Una ciudad como el Madrid del siglo XVII, rutilante y llena de espectáculos teatrales y literarios, donde se juntarán, como nunca lo volverán a hacer, tantas y tantas figuras artísticas de primerísimo orden, y en donde todo era fiestas y despilfarro, se suponía que Cervantes, aunque siempre escaso de fondos, podía relajarse por fin y disfrutar de su creación artística y de su vida. Pero no va a ser el caso. En el crepúsculo de su agitada existencia, una desdicha más va a amargarle en su vejez. La causa de esta inesperada e inoportuna nueva turbación la va a protagonizar su hija, Isabel de Saavedra. Es en esta época cuando da comienzo el culebrón familiar que terminará con la separación definitiva entre padre e hija.
Tras su llegada a Madrid, Isabel va a contraer matrimonio con Diego Sanz, pero sin dejar la relación de amante y protegida que tenía con un hombre que podría ser su padre por edad y que vivía con bastante holgura económica, Juan de Urbina, secretario del duque de Saboya, casado y con varios hijos e incluso una nieta. Antes de enviudar de Diego Sanz, Isabel de Saavedra tendrá una hija a la que pusieron el mismo nombre que su madre, si bien era hija de Juan de Urbina, no de su padre legítimo. No habían transcurrido tres meses cuando volvió a contraer matrimonio con un excautivo, como su padre, y escribano real, Luis de Molina, quien aceptó el matrimonio sólo a cambio de una sustanciosa promesa económica, una dote cuantificada en diez mil ducados. El donante de dicha cantidad no era otro que el amante de Isabel, Juan de Urbina, quien también le entregó una de sus casas, en la calle de la Montera, no lejos de su residencia, para que el matrimonio de Isabel y Luis de Molina pudiera vivir. Pero se hizo un contrato por el cual la casa de la calle de la Montera estuviera escriturada a nombre de la hija y nieta de Cervantes, la pequeña Isabel Sanz, conservando su madre y su padrastro el usufructo. En caso de la muerte de la niña, la propiedad pasaría a Miguel de Cervantes, nuestro escritor y padre de Isabel de Saavedra, pero una cláusula secreta firmada entre Miguel y Juan de Urbina preveía que en dicho caso la propiedad volvería a manos de este, su antiguo dueño. Y ocurrió lo peor: la niña Isabel Sanz, propietaria legítima de la casa, murió en 1610 y Urbina reclamó la casa que él había cedido sólo pensando en su propia hija.

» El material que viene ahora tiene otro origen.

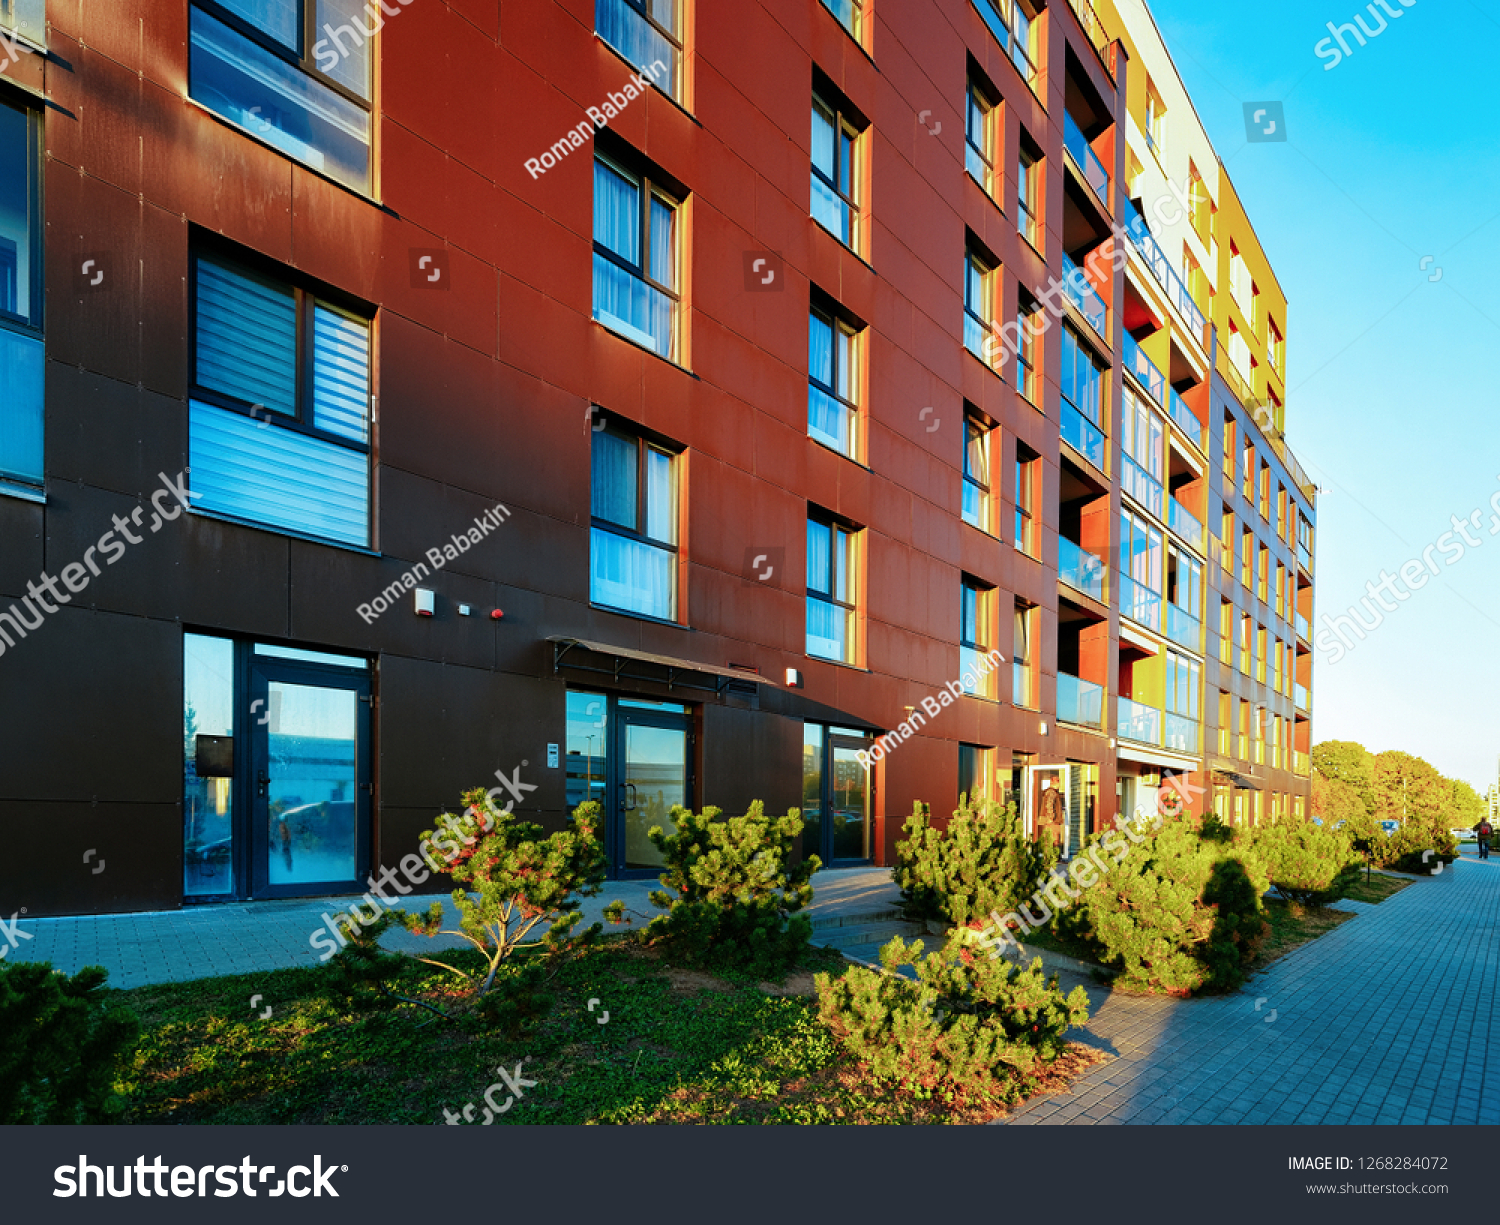 Vilnius, Lithuania - October 9, 2018: Residential Apartment homes facade architecture with outdoor facilities. Blue sky on the background. #1268284072

No cabe duda de que Cervantes ayudó a Urbina a ejercer sus derechos sobre su hija, quien se negaba a entregar la casa donde vivía. Reconocido como propietario legal de la casa, según los términos del contrato firmado un año antes, Miguel renunció a sus derechos ficticios para entregársela a Urbina. Isabel intenta una acción judicial contra su padre. Desde este momento se produce una ruptura entre padre e hija a la que nunca más volveremos a ver.
Esta desdicha vino a sumarse a las provocadas por la muerte de sus dos hermanas, primero Andrea en octubre de 1609 y poco más de un año después, en enero de 1611, Magdalena. Miguel quedará al cargo de su sobrina Constanza, la hija de Andrea, con quien convivirá junto a su esposa Catalina hasta el final de sus días.

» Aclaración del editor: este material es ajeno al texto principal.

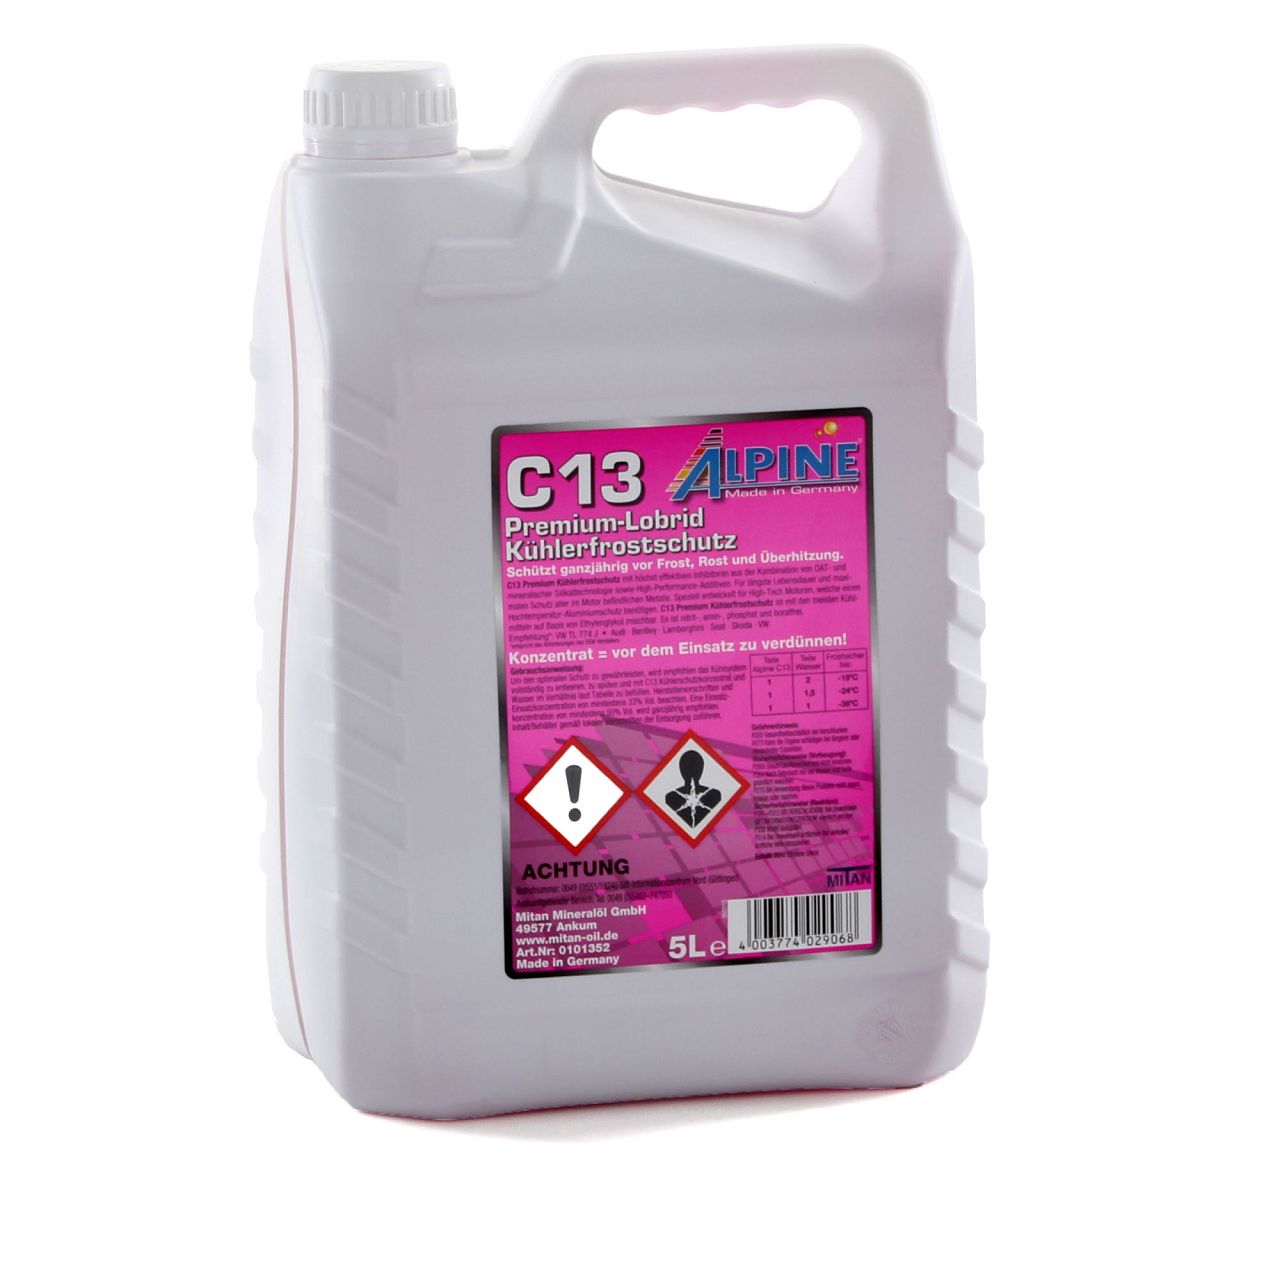 On display is a radiator antifreeze concentrate C13 in purple from the brand Alpine

Con la muerte pisándole los talones, a Cervantes le va a entrar una preocupación espiritual por la salvaguarda de su alma que le hará ingresar, en abril de 1609, en la Congregación de los Esclavos del Santísimo Sacramento, una orden muy literaria, pues a ella se adscribieron también Lope de Vega, Luis Vélez de Guevara, Salas de Barbadillo, Quevedo, Vicente Espinel, etc., y con sede en el convento de los Trinitarios, la orden que le había rescatado en Argel. Por lo que imaginamos que entre rezo y rezo, debía de funcionar más como una academia literaria que otra cosa. Más tarde, en 1613, Miguel ingresará en la Orden Tercera de San Francisco, donde habían ingresado ya con anterioridad sus dos hermanas y su mujer.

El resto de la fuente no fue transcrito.